Selon le "New-York Times", Washington a refusé plusieurs aides militaires récentes à l'Irak pour lutter contre les islamistes qui avancent vers Bagdad. Les Américains redoutent désormais le chaos politique qui règne dans le pays entre tribus, groupes et milices et dont ils sont en partie responsables.
Intervenue en 2003 au nom de la guerre contre le terrorisme islamiste, l’armée américaine sera-t-elle contrainte face au constat de l’avancée des djihadistes dans l’Irak dite « libérée » de reprendre le chemin de Bagdad ? Dix ans après le début de cette intervention grossièrement justifiée par une hypothétique participation de Saddam Hussein aux attentats du 11 septembre, le bilan du scénario de la guerre contre l'« Axe du mal » est désastreux. Car à peine plus de deux ans après le départ des troupes américaines, la mouvance islamiste de l’EIIL (Etat Islamique en Irak et au Levant) aidée des tribus sunnites locales multiplie les prises de villes irakiennes majeures (Fallouja, Mossoul, Tikrit), sans exclure de marcher rapidement sur Bagdad.

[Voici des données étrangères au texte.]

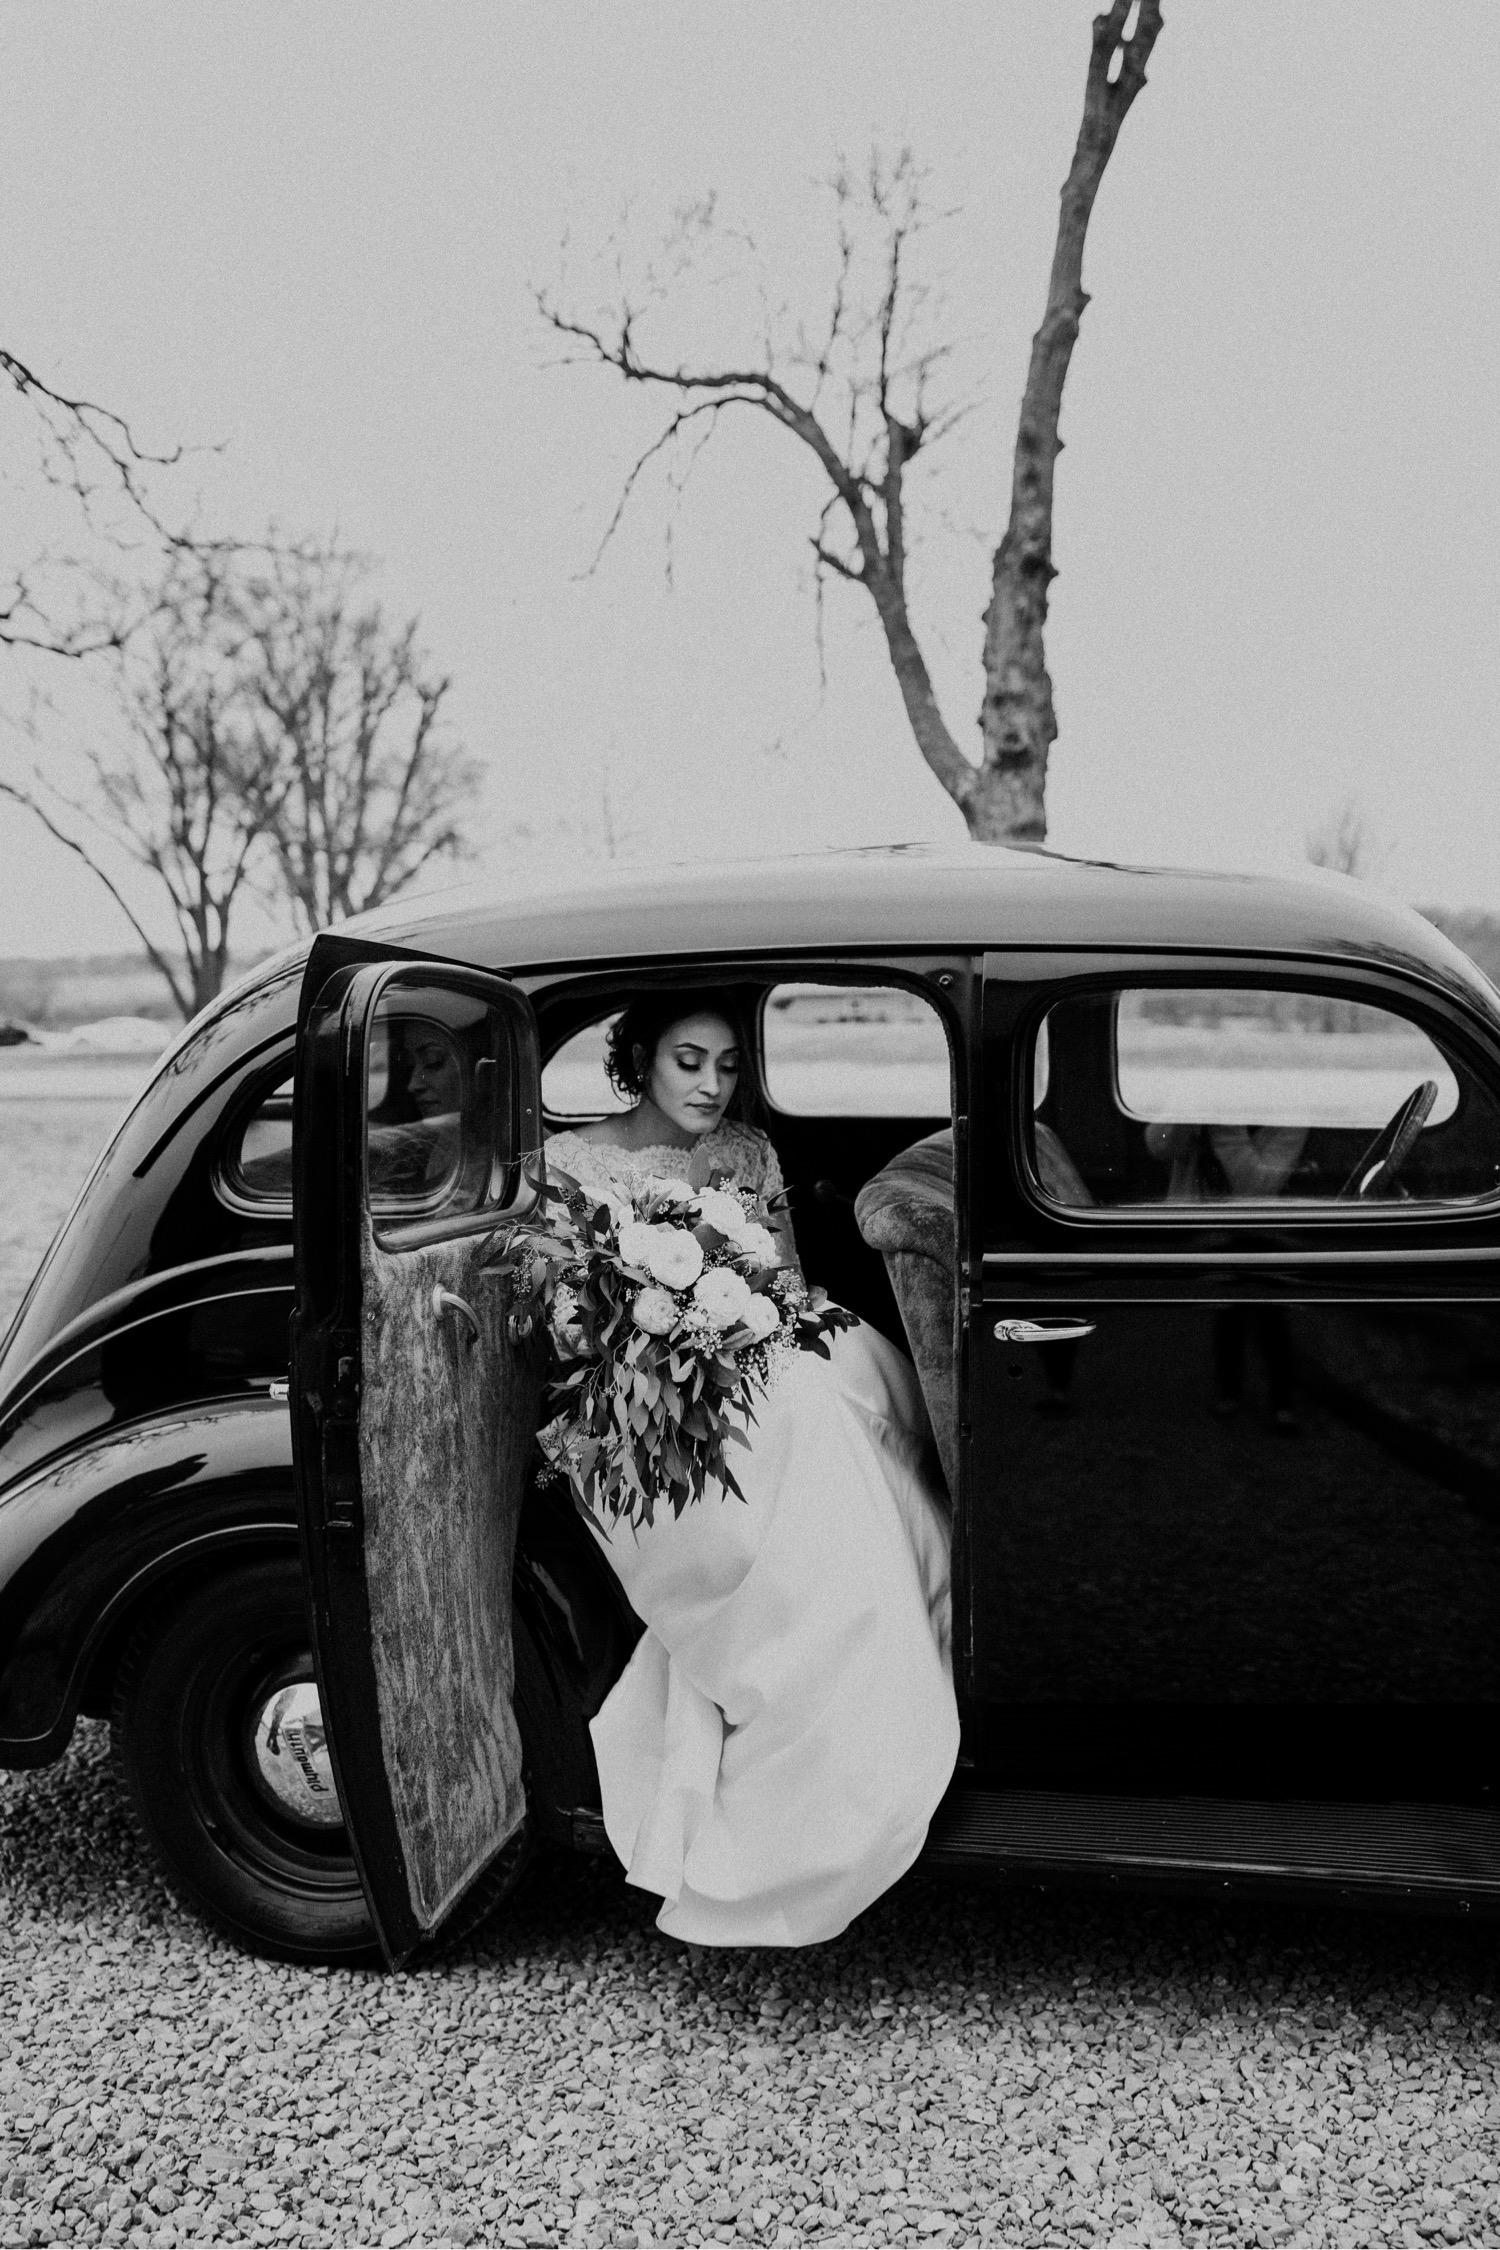 065_Hennings-834_Kansas_Kelsey_Missouri_Center_Wedding_Diane_Photography_Marshall_Jackson's_Event_City.jpg

C'est une partie de l'histoire récente qui se rejoue un peu chaque jour. La conquête de Mossoul s’est largement faite avec des membres de l’EIIL, mais aussi des tribus sunnites et d'anciens cadres des services de Saddam Hussein qui ont affiché des portraits de l’ex-dirigeant dès leur entrée dans la ville.
Face à cette progression rapide depuis le début de l’année, le New York Times révèle que le Premier ministre irakien aurait secrètement demandé à plusieurs reprises à l’administration Obama de procéder à des frappes aériennes contre des zones de rassemblements d’islamistes le mois dernier. « Au plus haut niveau, les responsables irakiens ont dit qu’ils avaient demandé des frappes américaines de drones contre les camps de l’EIIL dans le désert de Jazira » confie au journal un ancien analyste de la CIA, conseiller de Bush et Clinton, aujourd’hui chercheur à la Brookings institution.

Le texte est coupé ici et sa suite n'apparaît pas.